The bill was killed when sponsor Erik Fresen, R-Miami, couldn’t find enough yes votes in the House Business and Consumer Affairs Committee. He asked for a postponement, which triggered Aubuchon’s reaction.
This means that whatever action is taken in the Senate is moot. The Senate’s version of the bill had already passed a key committee and Senate President Mike Haridopolos had promised an up or down vote on the Senate floor.
Friday’s decision will have no impact on a referendum that will be on the Lee County ballot in November. It will ask residents if they want to allow slot machines at Naples-Fort Myers Greyhound Racing & Poker in Bonita Springs. That is a separate issue involving now licensed pari-mutuels.
Voters said yes to allow slot machines in Gadsden and Washington counties Tuesday.

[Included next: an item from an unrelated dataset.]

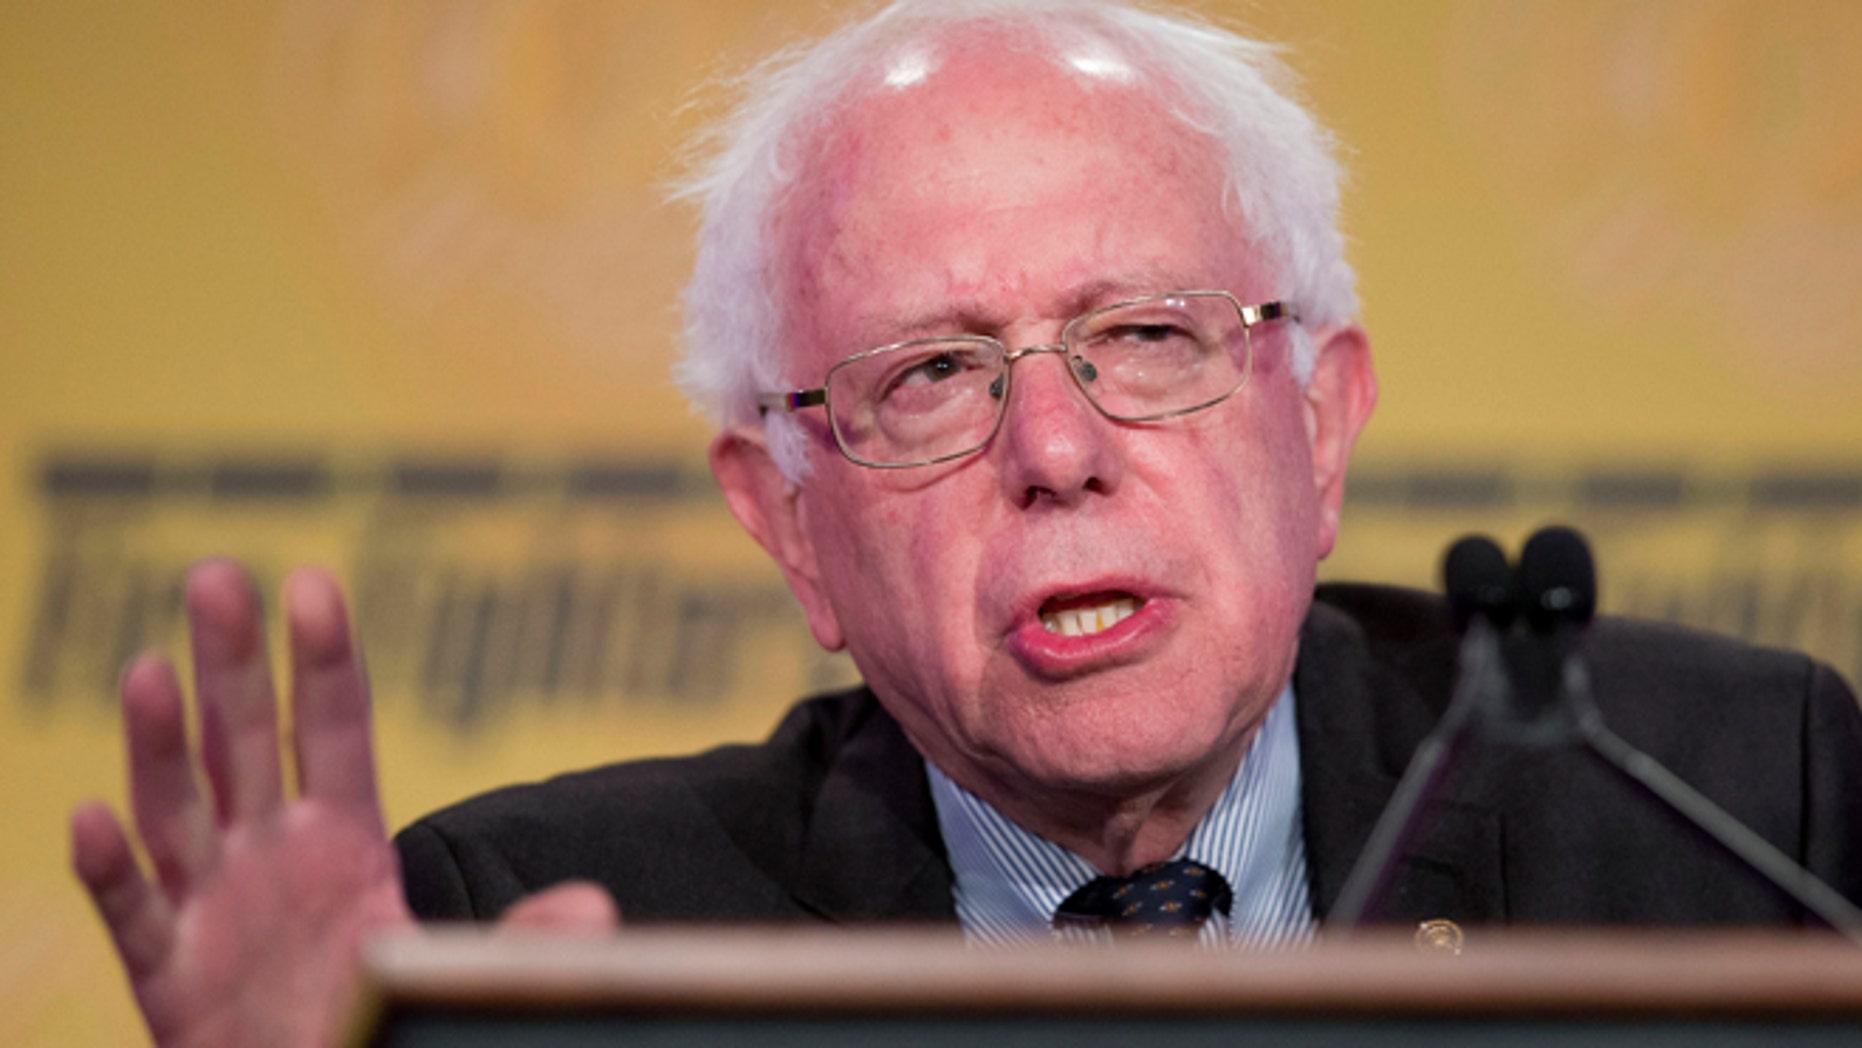 Sen. Bernie Sanders on March 10, 2015 in Washington, DC.

If those licenses are denied, as expected following an opinion from Attorney General Pam Bondi, track officials in the Panhandle have said they are ready to file suit.
“I think today the Legislature showed that they want to make sure local existing businesses survive,” said Izzy Havenick, whose family owns the Naples-Fort Myers complex. “The dog track has been doing business in Lee County for over 50 years and we look forward to bringing this issue before the voters.
“We hope that Lee County residents allow us to introduce a new product to our facility that will enable us to employ over 500 people and create a new revenue source for both Bonita Springs and Lee County.”
Known as the “Destination Resorts Bill,” the legislation killed Friday has been a lightning rod for numerous groups, both pro and con, since Fresen and Senate sponsor Ellyn Bogdanoff, R-Fort Lauderdale, began making their sales pitches last year.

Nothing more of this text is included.